I would instead describe the Duo as a true pocket computer, a big screen that fits into your pocket. Especially when unfolded, the Duo feels a lot more substantial than most smartphones, because it fills up your hands and demands that you do something useful with it, instead of just scrolling through Twitter or checking the time. On the other hand, to do anything at all with the Duo, you need to first unfold the thing. There is no secondary outside screen on the front of a closed Surface Duo, like with some other foldable phones. This means I’m much less prone to just idly wake the phone to check the time or scroll through notifications, if I don’t have a legitimate reason to use the phone. All of this together makes the Surface Duo feel less like a distracting phone and more like a small, underpowered computer I can bring with me in my pocket.

The future is still pretty rough

At the start of this post, I noted that there are a few reasons why having the Duo as a second phone made sense, but using it as my only phone wouldn’t work. One of them is what I described above – it’s not the best telephone. But the more pressing reason is that despite Microsoft’s best efforts and series of software updates, the software experience on the Duo is still rough and buggy, even compared to other new Android devices. There’s no way around it – you’ll have to suffer the consequences of being an early adopter.

The Surface Duo makes you use swipe gestures around the screen to move and position apps around its two screens, but about 20% of the time, those gestures don’t quite register for me, and it takes a couple of tries. The automatically adjusted screen brightness occasionally gets blindingly bright in dim lighting. Unlocking the device and opening apps sometimes takes too long, to the point where I occasionally doubt myself and tap on the screen again only to have the device do something unexpected in response.

Hardware-wise, the Duo also falls short in many places. The camera is just plain bad – I haven’t taken a single picture on it, in lieu of the iPhone XS I usually also carry. I could see the foldable form factor being useful for the unexpected video call, but for those I’m usually at home or in an office .Battery life is good, but not stellar, and the speaker (the singular speaker on one side of the fold) is also pretty anemic. It doesn’t help that the processor inside is also a last-generation chip, driving two displays rather than one. I suspect this is a big part of the reason why the UI often feels sluggish.

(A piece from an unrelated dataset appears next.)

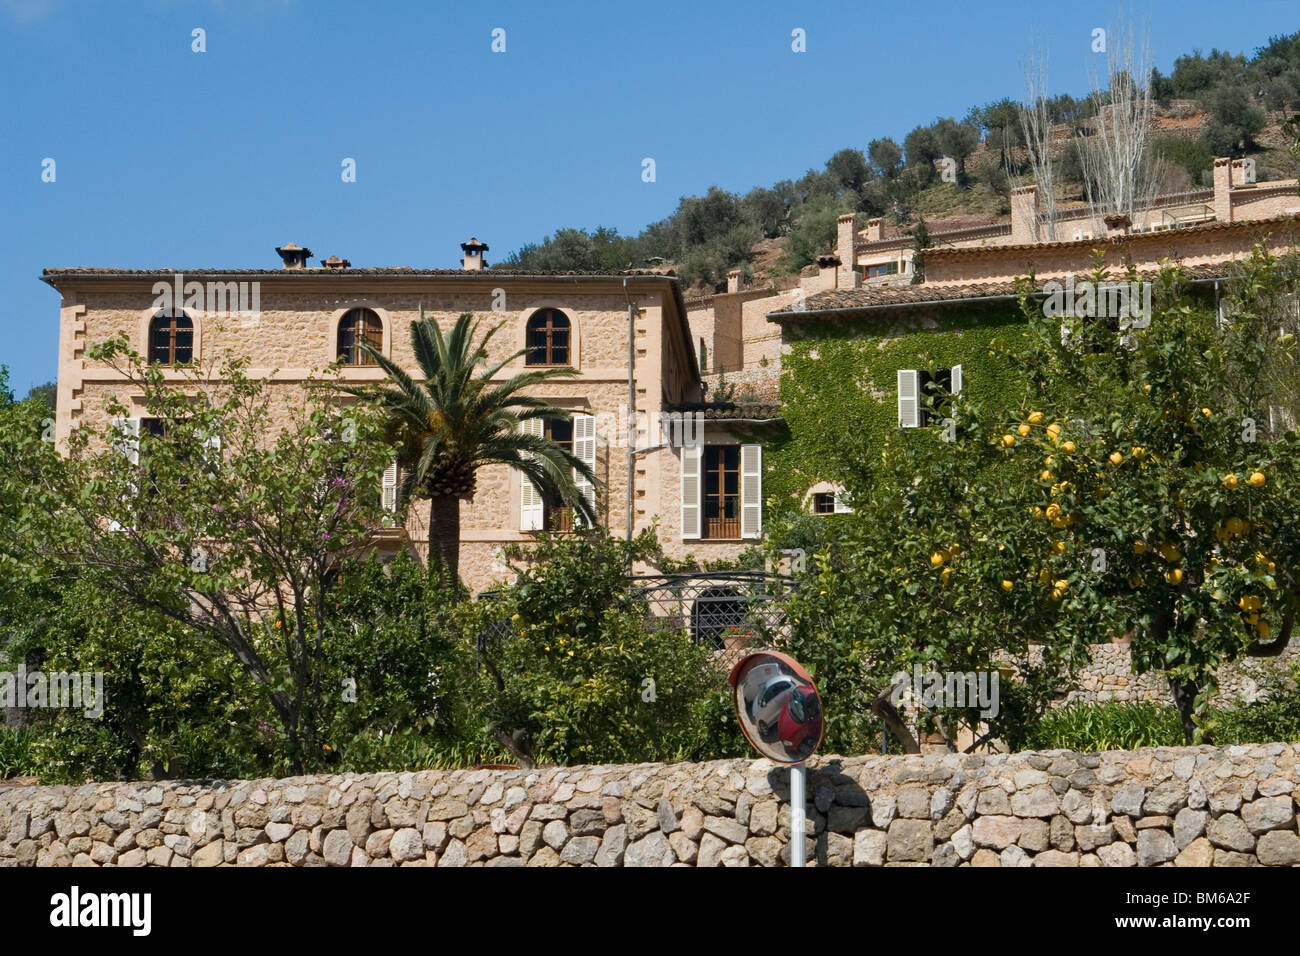 Large impressive houses in Deia (Majorca - Spain) with lemon trees bearing fruit. Maisons bourgeoises à Deia - Stock Image

To Microsoft’s credit, many other parts of the device’s hardware are fantastic. The two screens aren’t perfectly calibrated to each other, but close enough to rarely be noticed, and they’re colorful and high-resolution. The device is designs and built extremely well, as a glass-and-metal sandwich that’s just a half centimeter thin when unfolded – barely thin enough to have a charging port. It’s also weighted with a good balance, so it’s comfortable for me to hold it in any orientation I need.

My favorite digital-notebook-computer

To me, the foldable form factor and the slightly wider screens, combined with the lack of an outside screen, make the device feel less like an overpowered phone and more like a pocketable computer or a true digital notebook. One that respects my focus when I don’t have it open, and gives me space to jot down ideas and doodle when I want to capture something while I’m on the go. It’s also slowly but surely becoming an important part of my incremental note-taking workflow – many conversations, ideas, and inspirations from readings get written down first on the Duo these days, and then get moved into their right place in my notes.

Despite its flaws, the fun I’m having while reading and writing with this foldable pocket computer, and the promise of things that are possible when these technical kinks are fixed, makes me really excited about keeping Surface Duo around in my pocket for the foreseeable future.